The invention provides a receiving method employing a first antenna, a second antenna, and a selector. The first antenna receives a transmitted signal and outputs a first received signal. The second antenna receives the same transmitted signal and outputs a second received signal. The selector selects the first received signal and/or the second received signal and outputs the selected signal(s). The two antennas are spatially separated. The method includes the steps of:
selecting a first timing interval and a second timing interval in the transmitted signal, the second timing interval preceding the first timing interval;
measuring the received signal strength of the first received signal in the first timing interval to obtain a first received signal strength, and in the second timing interval to obtain a first past received signal strength;
measuring the received signal strength of the second received signal in the first timing interval to obtain a second received signal strength, and in the second timing interval to obtain a second past received signal strength;
calculating a difference between the first received signal strength and the first past received signal strength to obtain a first difference;
calculating a difference between the second received signal strength and the second past received signal strength to obtain a second difference; and
generating a switching signal that controls the selector according to the first received signal strength, the second received signal strength, the first difference, and the second difference.
More specifically, the switching signal may be generated from the first difference, the second difference, a third difference obtained by subtracting the second received signal strength from the first received signal strength, and a fourth difference obtained by, subtracting the absolute value of the second difference from the absolute value of the first difference.

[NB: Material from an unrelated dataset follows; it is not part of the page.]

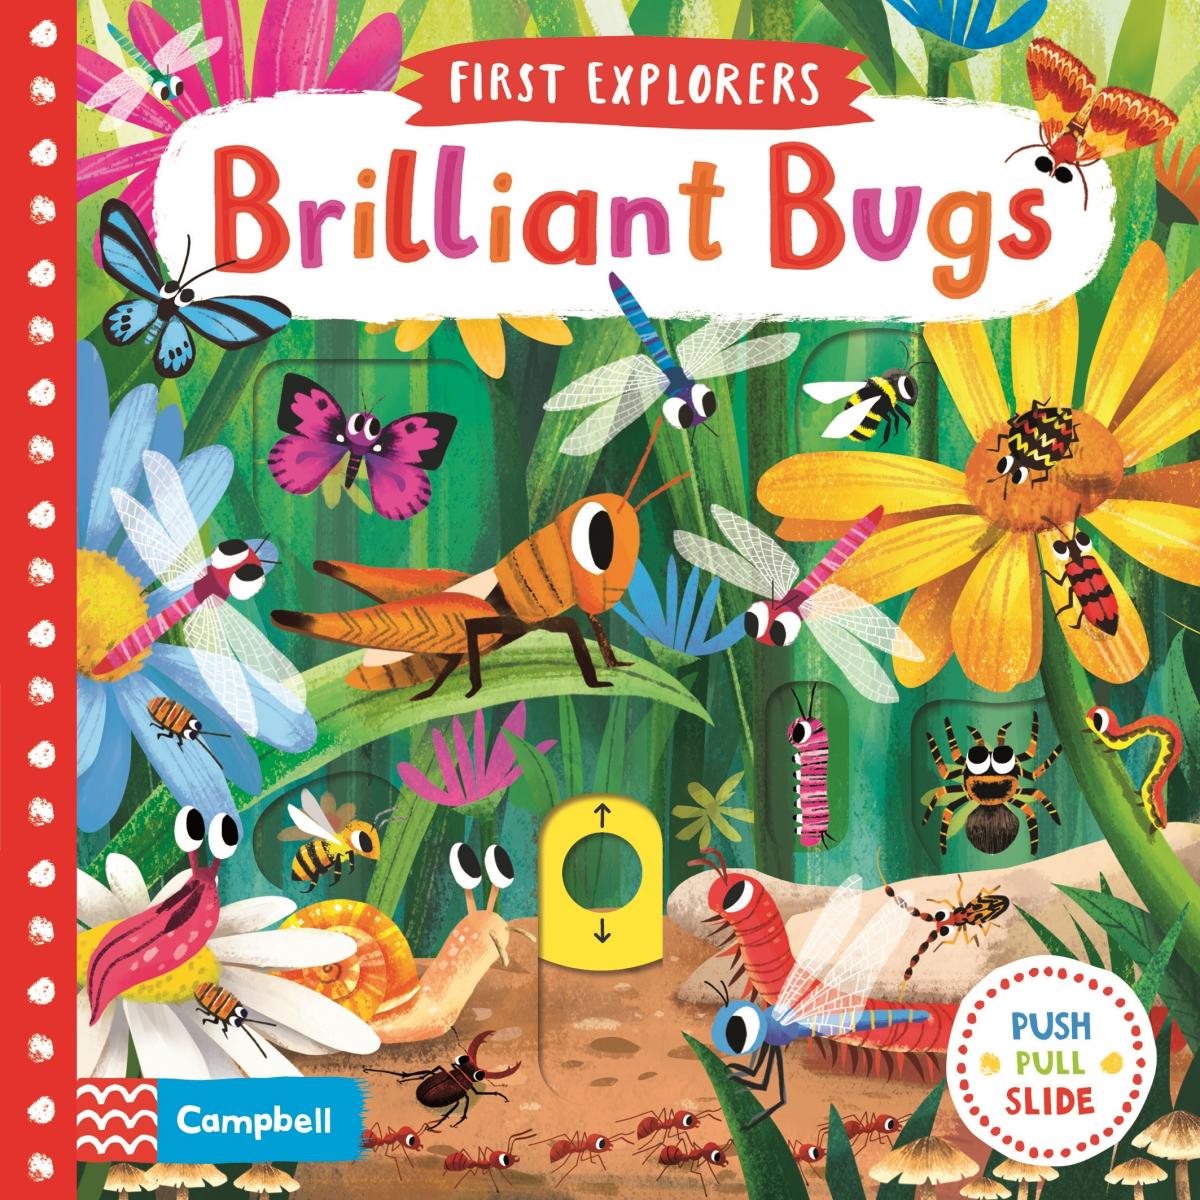 First explorers. Книга Bugs. Обложка Bugs. Chorkung "Brilliant Bugs". First Explorers: in the Jungle.

If the absolute value of the third difference exceeds a threshold value, the antenna is selected according to the sign of the third difference; the antenna with the stronger received signal is elected. If the absolute value of the third difference is less than the threshold value, the antenna is selected according to the sign of the fourth difference; the antenna with less past-to-present change in received signal strength is selected.
This method is resistant to fading because it considers not only the present signal strengths, but also the difference between the present and past received signal strengths. Use of this method can make a portable electronic device less susceptible to human body interference.
The method does not require a circuit for extracting a clock frequency component.
If the transmitted signal is a packet signal including a preamble and a payload, the first and second timing intervals can be placed in the preambles of different packets to avoid switching antennas during reception of the payload data, thereby reducing the occurrence of bit errors in the received data.
The invention also provides a receiving apparatus employing the above method.

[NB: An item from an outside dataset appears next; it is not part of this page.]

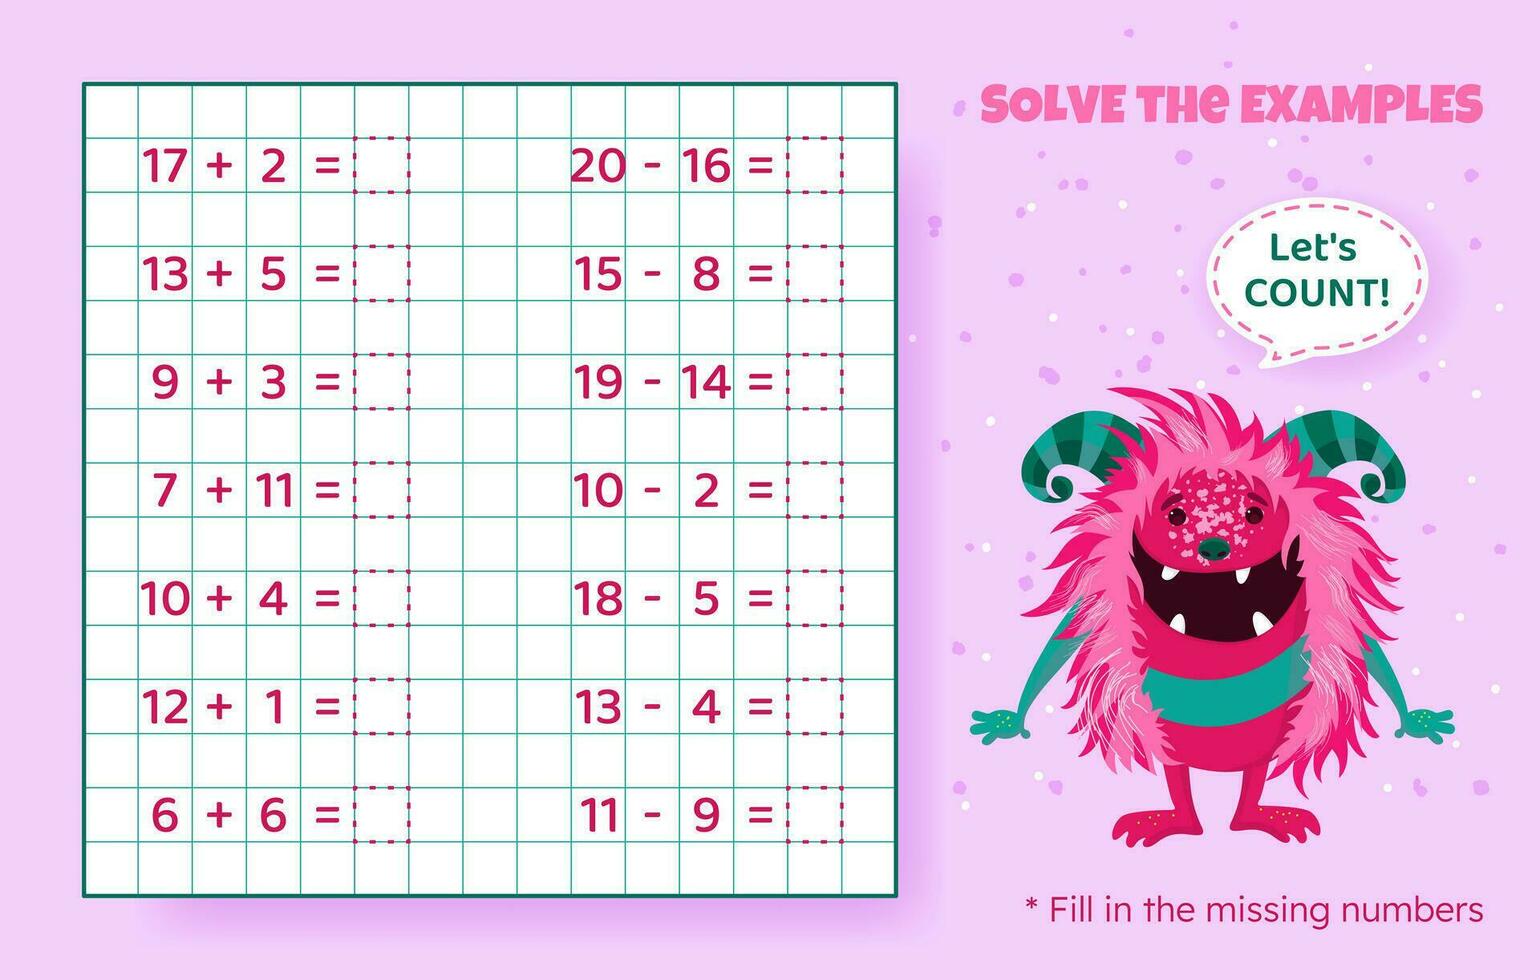 Solve the examples. Addition and subtraction up to 20. Mathematical puzzle game. Worksheet for preschool kids. Vector illustration. Cartoon educational game with cute monster for children.

BRIEF DESCRIPTION OF THE DRAWINGS

In the attached drawings:

FIG. 1 shows an external view of a portable electronic device with a receiving apparatus embodying the invention;

FIG. 2 is an internal block diagram of the portable electronic device in FIG. 1;

FIG. 3 is a more detailed block diagram of the antenna selector and switching controller in FIG. 2;

FIG. 4 is a more detailed block diagram of the switching signal generator in FIG. 3;

FIG. 5 illustrates propagation paths of a radio signal transmitted from a vehicle to the portable electronic device;

FIG. 6 schematically illustrates the structure of a packet and the intervals in which received signal strength is detected;

FIG. 7 illustrates some of the values calculated during antenna selection;

FIG. 8 illustrates the setting of a threshold value corresponding to a target packet error rate; and

FIG. 9 is a flowchart illustrating the switching control process.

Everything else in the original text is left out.